» **Exercise data**
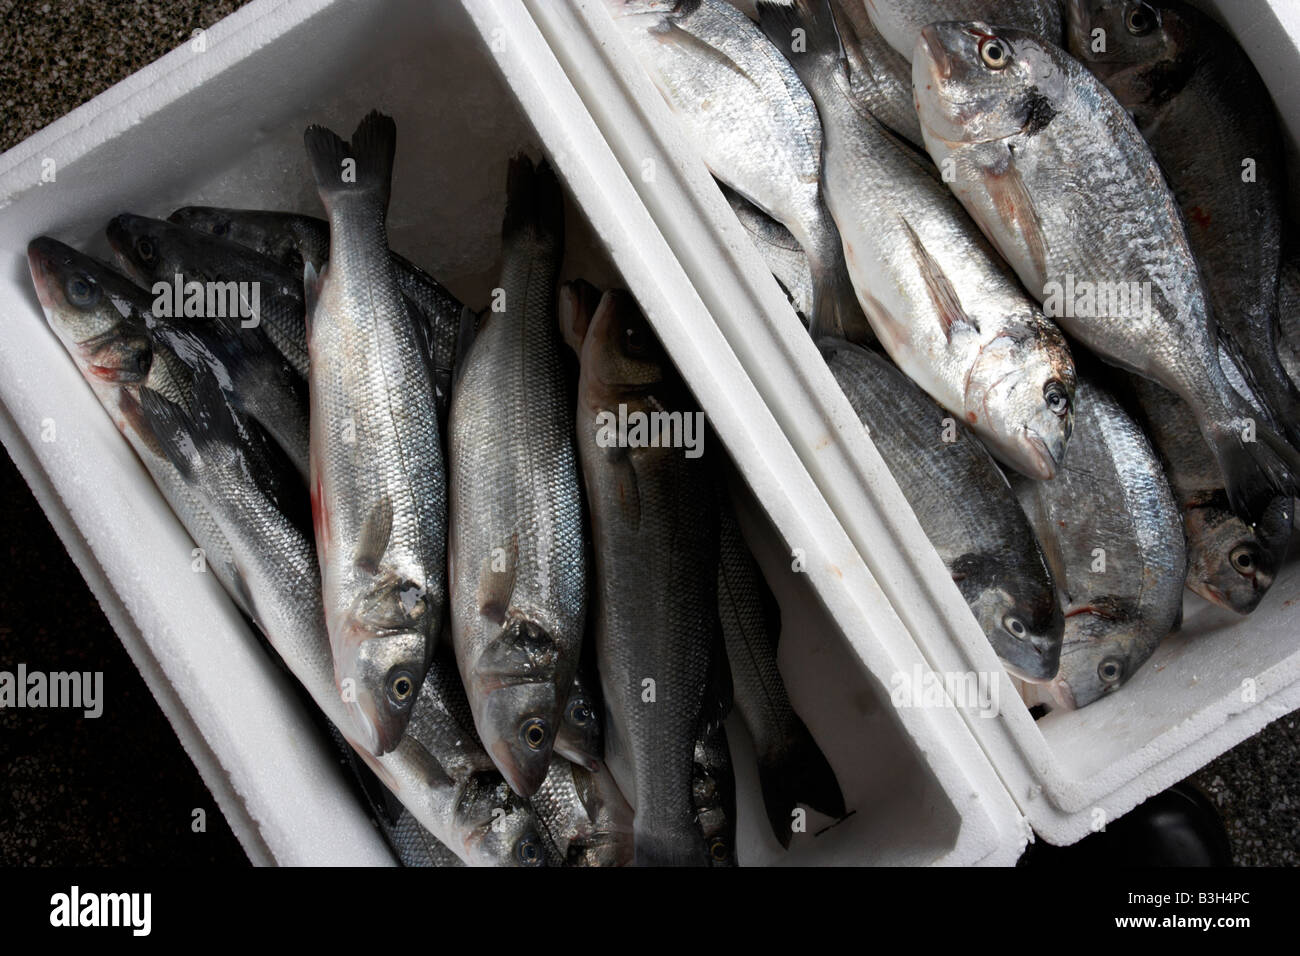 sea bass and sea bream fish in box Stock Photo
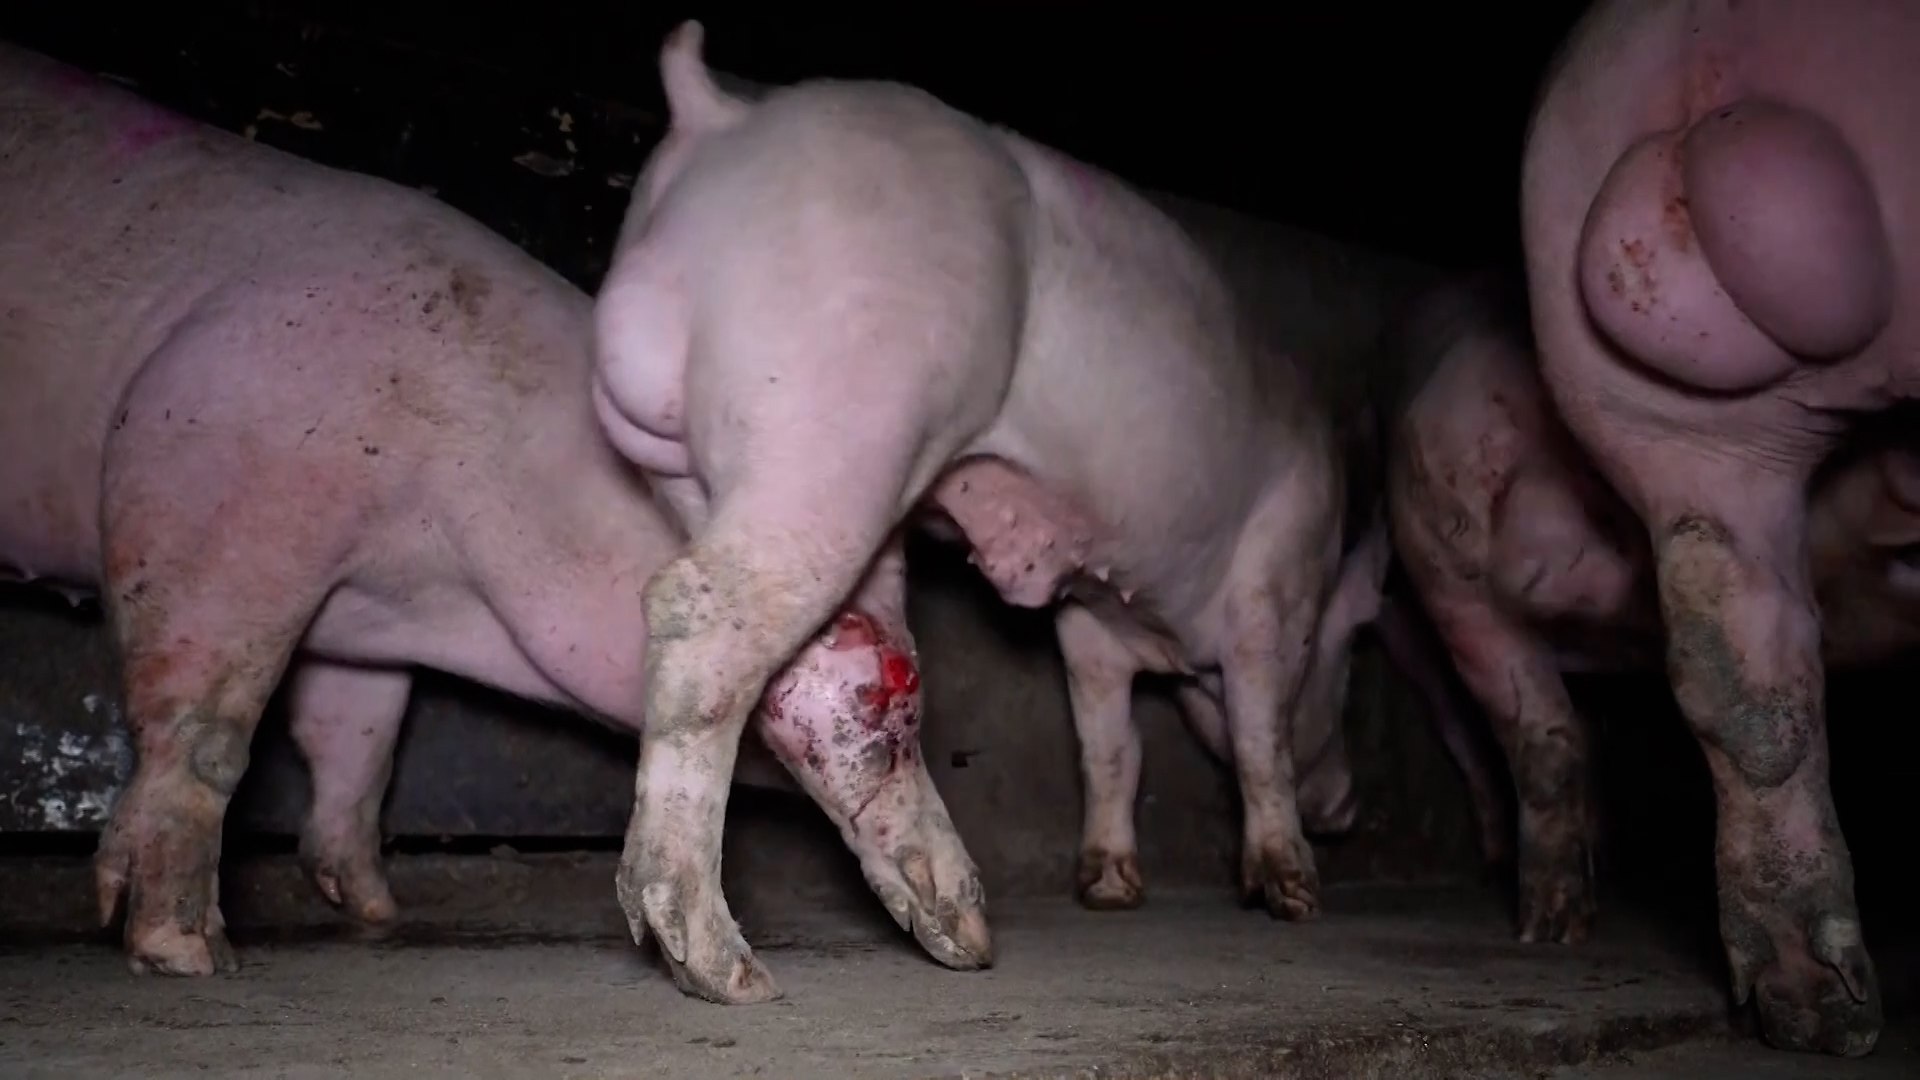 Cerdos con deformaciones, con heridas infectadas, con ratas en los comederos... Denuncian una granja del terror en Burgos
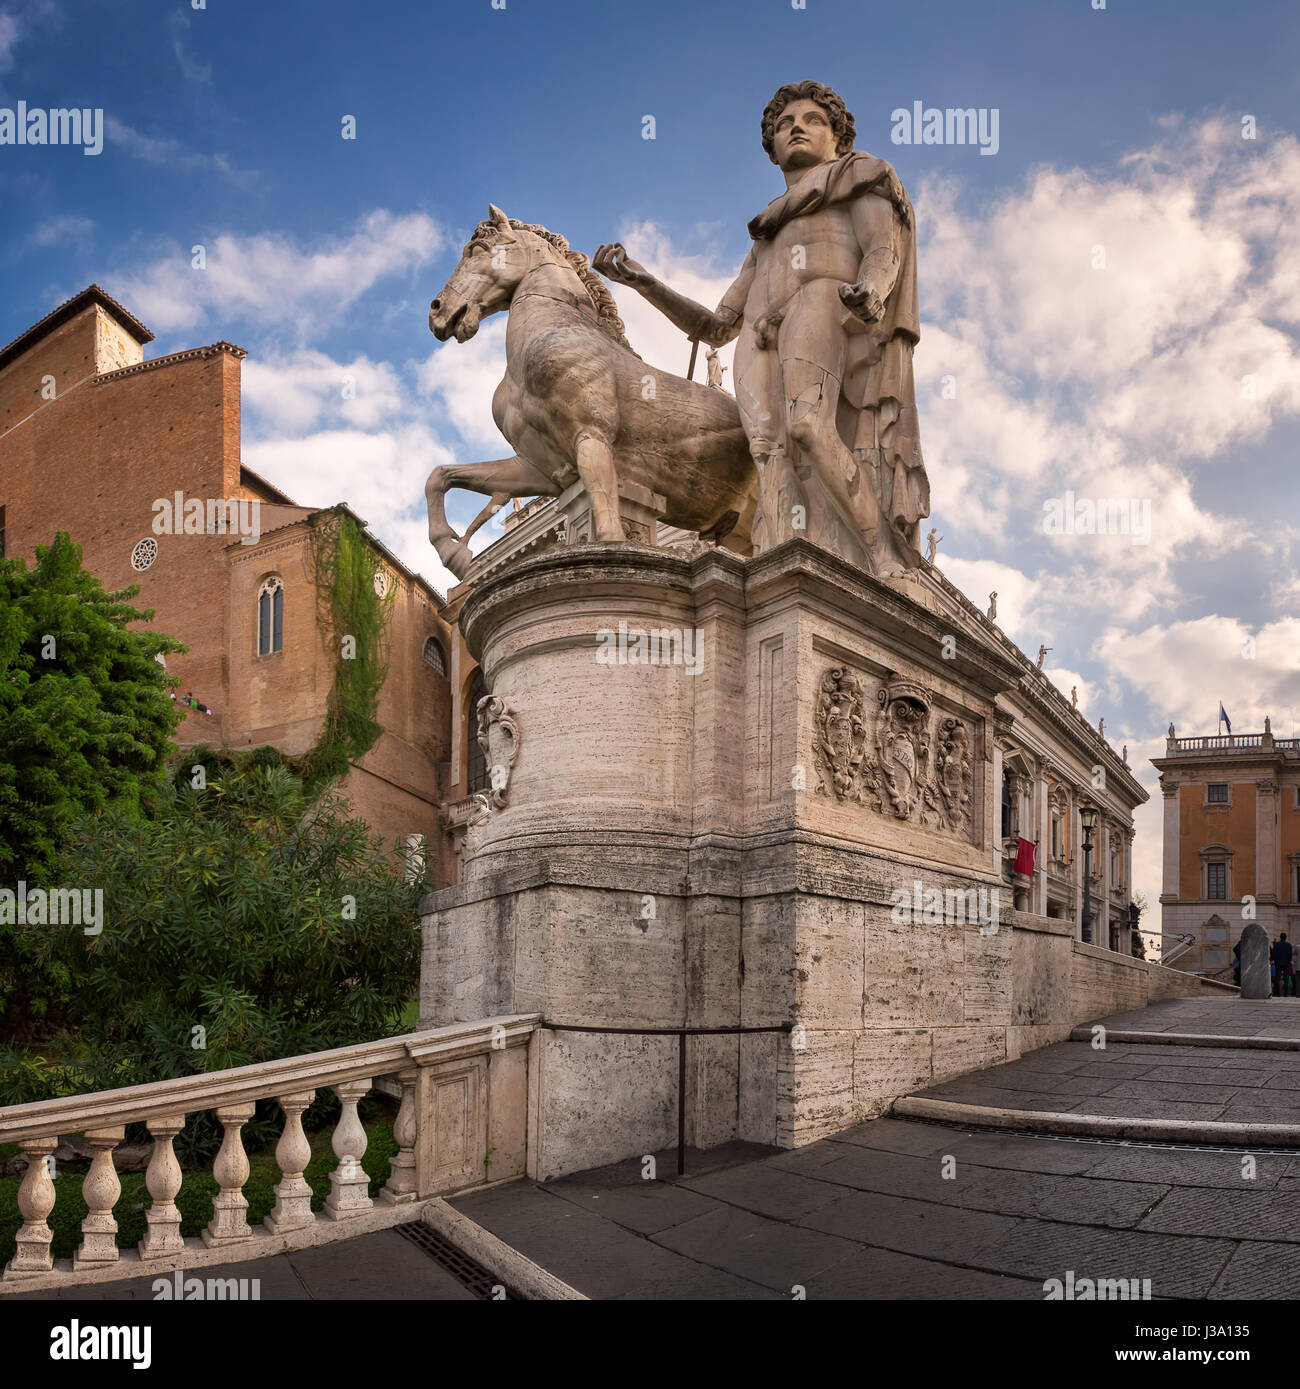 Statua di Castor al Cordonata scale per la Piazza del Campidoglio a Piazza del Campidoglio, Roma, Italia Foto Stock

--

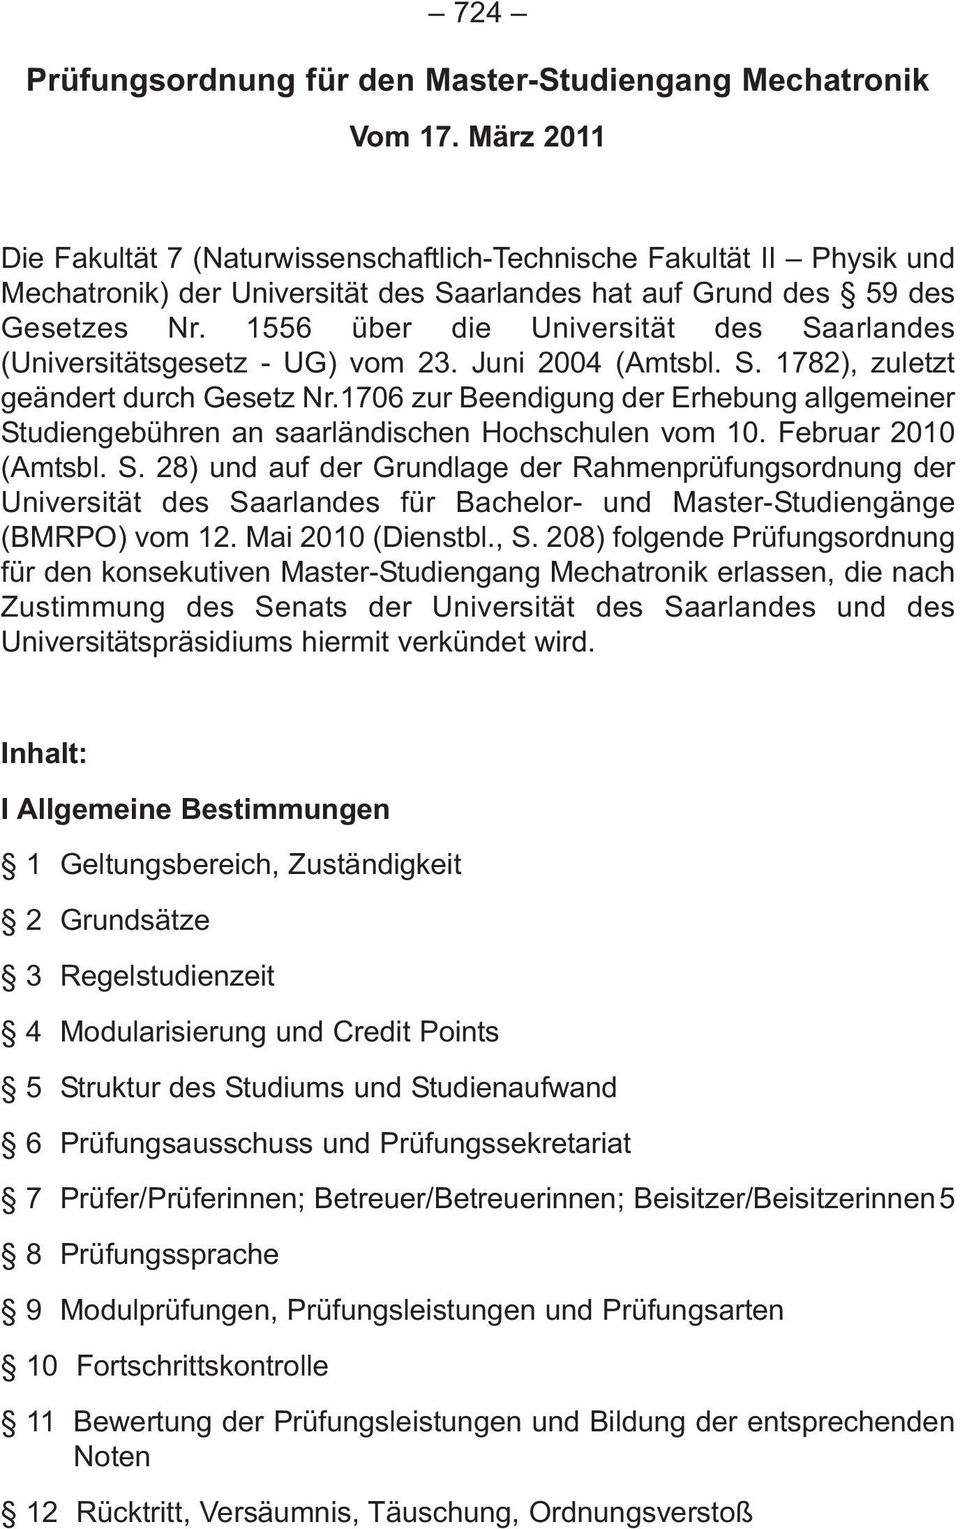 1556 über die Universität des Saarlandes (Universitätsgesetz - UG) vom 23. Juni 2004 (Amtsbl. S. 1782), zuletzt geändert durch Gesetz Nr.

» **What the task requires**
The answer must be the part of the records that opens with the line containing "sea bass and" and closes with the line containing "Statua di Castor", reproduced exactly, with no pictures.

» **Result of the task**
 sea bass and sea bream fish in box Stock Photo
 Cerdos con deformaciones, con heridas infectadas, con ratas en los comederos... Denuncian una granja del terror en Burgos
 Statua di Castor al Cordonata scale per la Piazza del Campidoglio a Piazza del Campidoglio, Roma, Italia Foto Stock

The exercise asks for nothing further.